Release 0 - initial GW

On startup GW does a checkout of the repository. Edits happen on the working copy. However, there are no commits, so all changes to the Wiki are lost when the server is restarted. There is no locking of any kind.

Release 1 - persistent storage

Save operations should cause a commit to happen. When edits a new page, the page should be added first of course. Still no locking though.

R2 - multi file edits ("transactions"):

When a user starts editing a file, create a new working copy.

Edits happen on this per-session working copy and are not visible to other users. So a "Save" causes the per-session working copy to be modified, but nothing is committed.

There should now be a "Commit" operation that causes the entire per-session working copy to be committed. After this the per-session working copy can be deleted, and the global working copy should be updated. This makes the changes globally visible.

Merge conflicts are ignored for now.

R3 - merge conflicts

If on commit a merge conflict occurs, the per-session working copy should be retained, the user should be presented with a list of conflicting pages (showing the conflicts in those pages) and be allowed to edit those pages. Most of the work here should be done by the versioning UI team, but the storage team has to provide the supporting infrastructure.

R4 - use RA layer

Using working copies is inefficient. For instance, to start an edit session, we have to clone the entire working copy. This doesn't scale well. So instead of using Subversion's working copy (WC) layer, we should use the remote access (RA) layer, which allows us to fetch and edit just those files that are involved in an operation.

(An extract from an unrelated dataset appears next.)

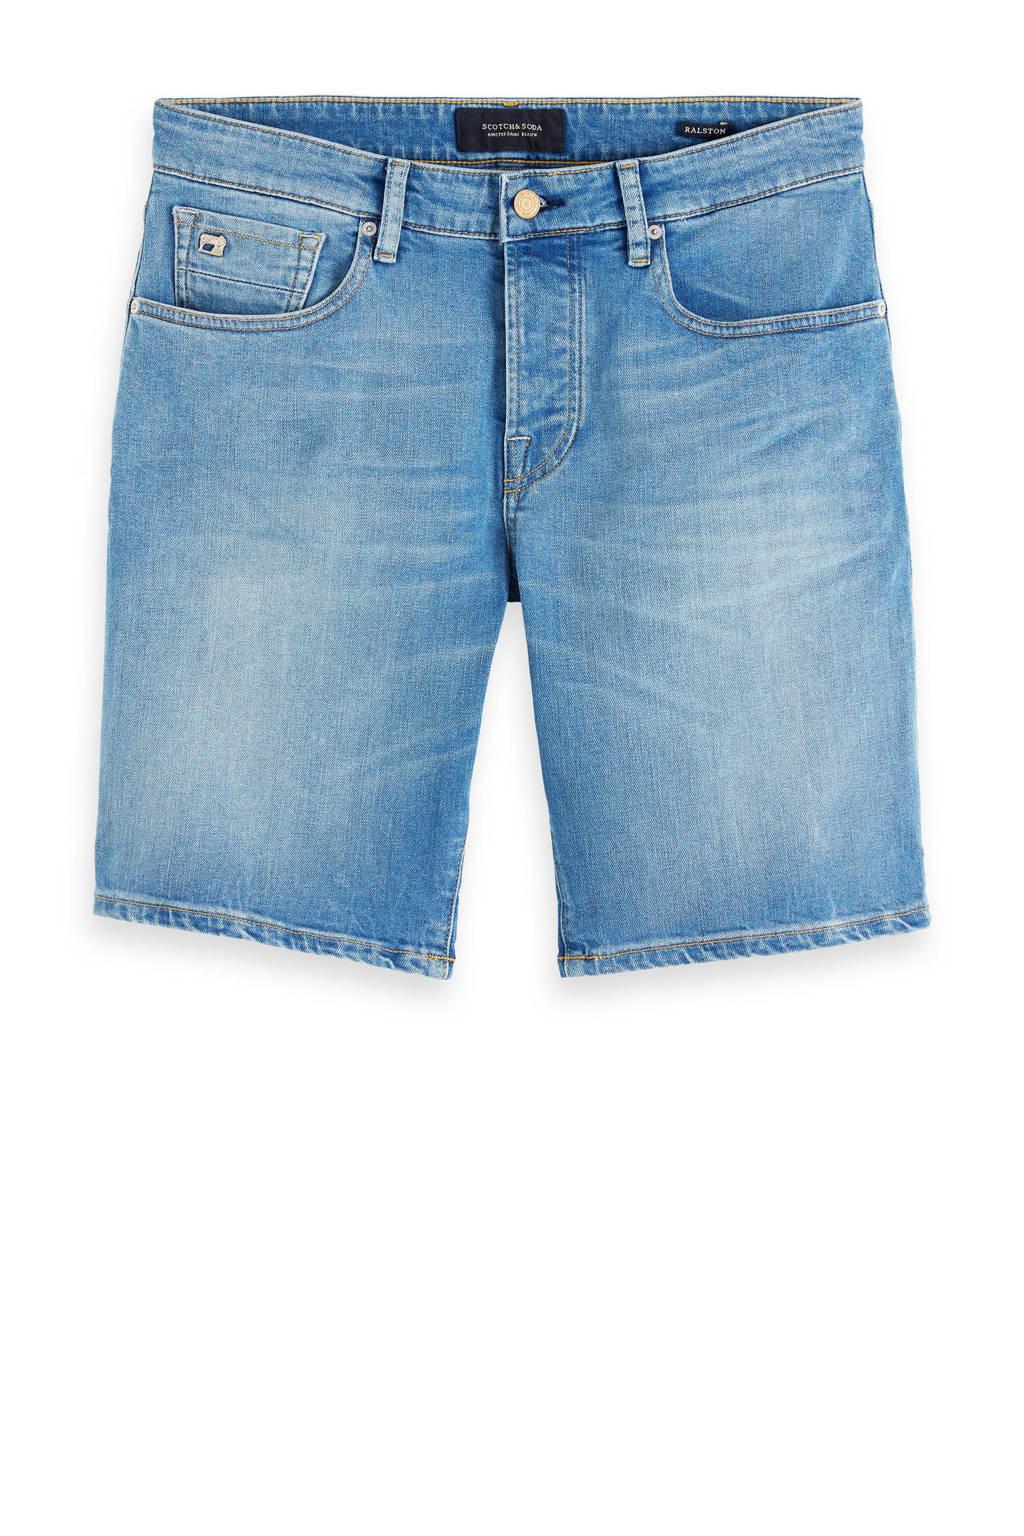 Scotch & Soda Amsterdams Blauw regular fit jeans short home grown, Home Grown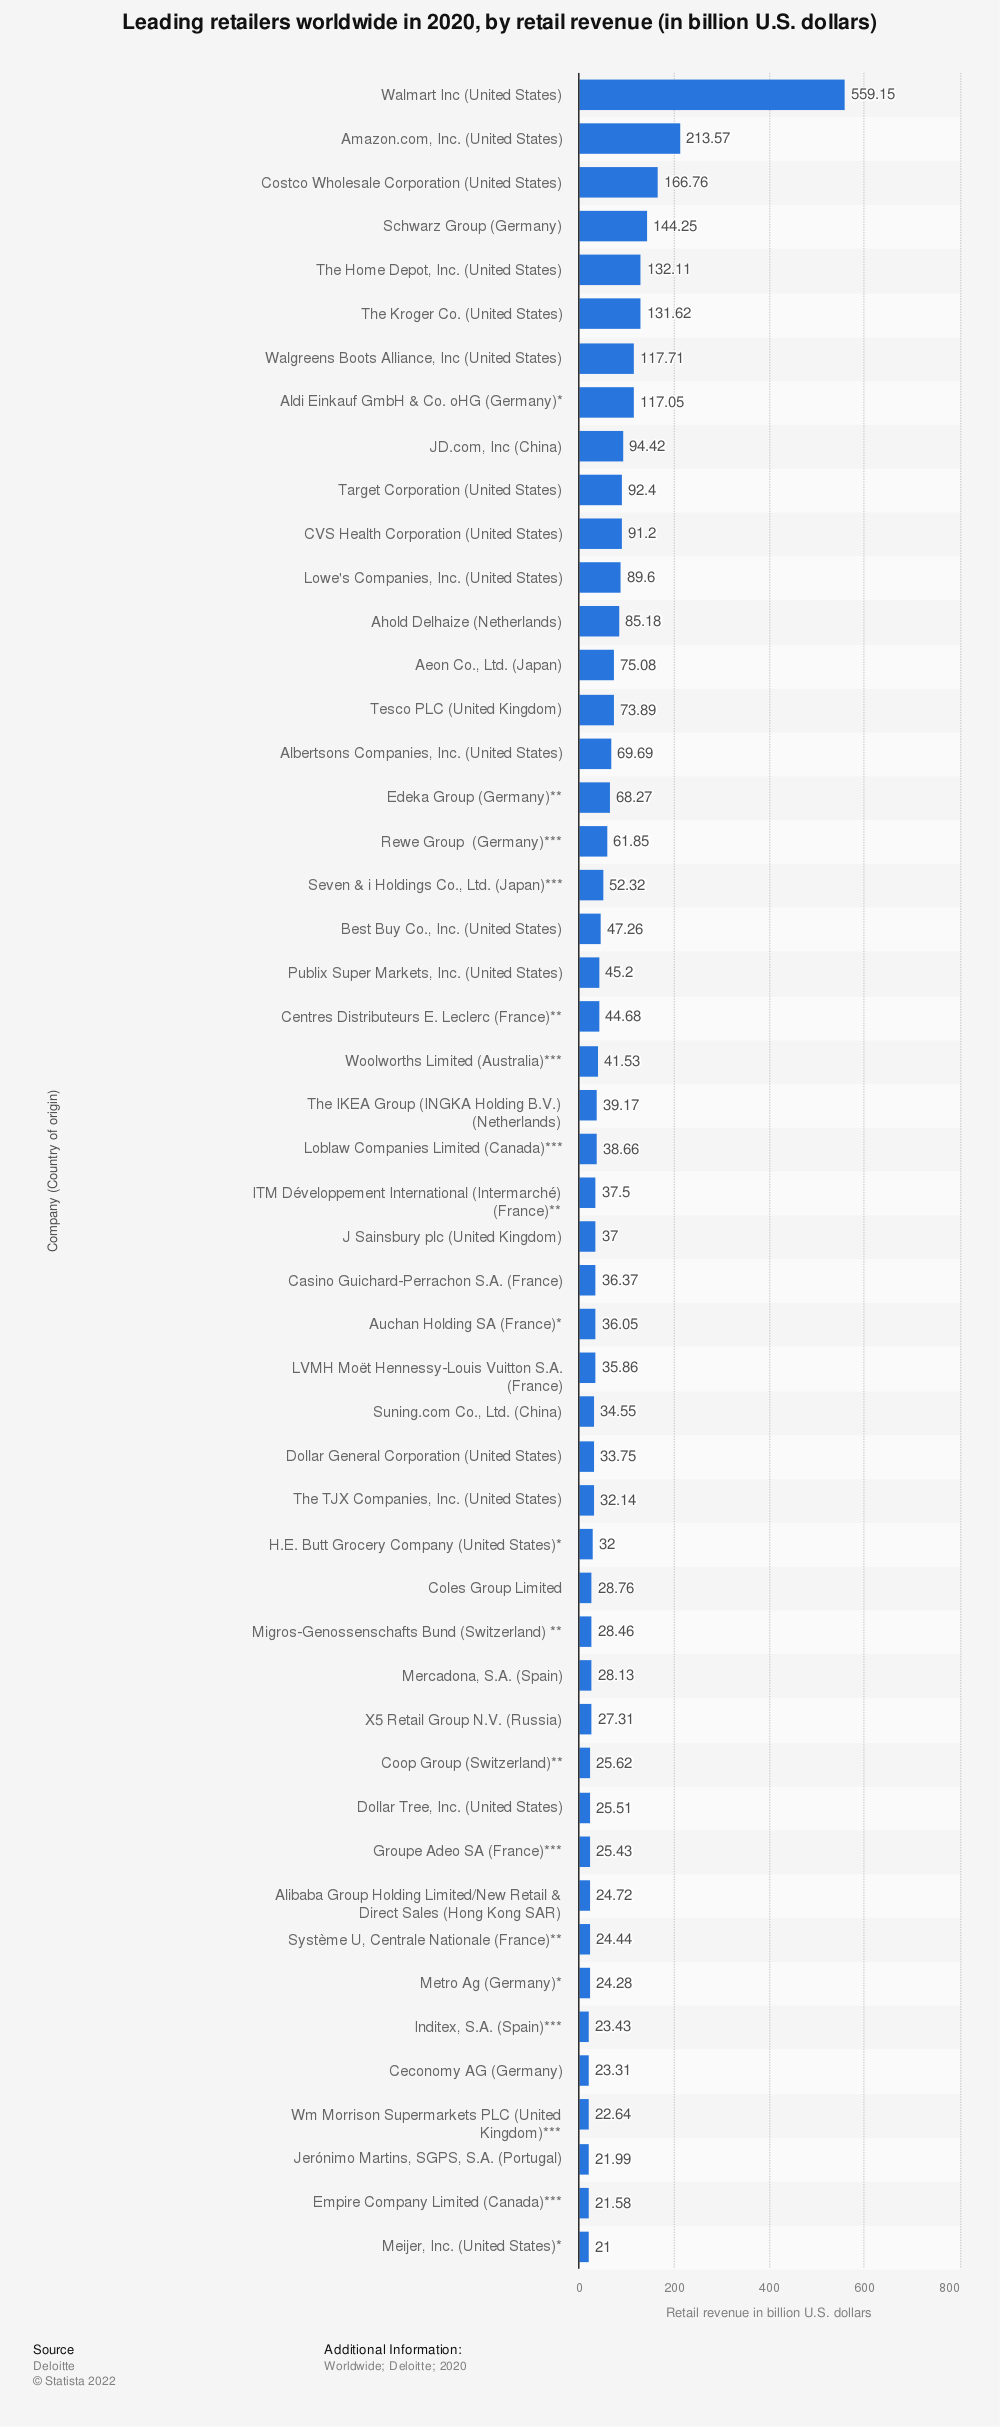 Statistic: Leading retailers worldwide in 2019, by retail revenue (in billion U.S. dollars) | Statista

It's possible that the high-level Subversion bindings only supports WC operations, not RA operations. So additional C/Java bindings might have to be created.

R5 - caching for RA operations

Using the RA layer is scalable, but it's also slow. For instance, to view a page, we have to fetch it from the Subversion server every time (while before R4, we could just get it from the working copy). So RA fetches should be cached.

Of course, the cache should be properly invalidated on edit operations.

Additional complications

The storage layer is quite fundamental. The entire Wiki depends on it. The storage team should design a simple but sufficient interface to the storage layer that other teams can develop against. In particular the work of versioning UI team is closely related to that of the storage team. For instance, for merge support it is necessary that the storage layer offers to the upper layers notification that there is a merge conflict, a way to query what the conflicts are, and a way to clear the conflict situation. Close communication and frequent syncing with the versioning UI team is probably required. Big bang integration is not an option.

Maybe R4/R5 aren't such a good idea since replicating a lot of the functionality in the WC layer (such as support for moving files) is a lot of work. However something should be done about the scalability problem in R3. Alternatives might be to clone working copies using hard or symbolic links, lazily cloning the working copy, and so on.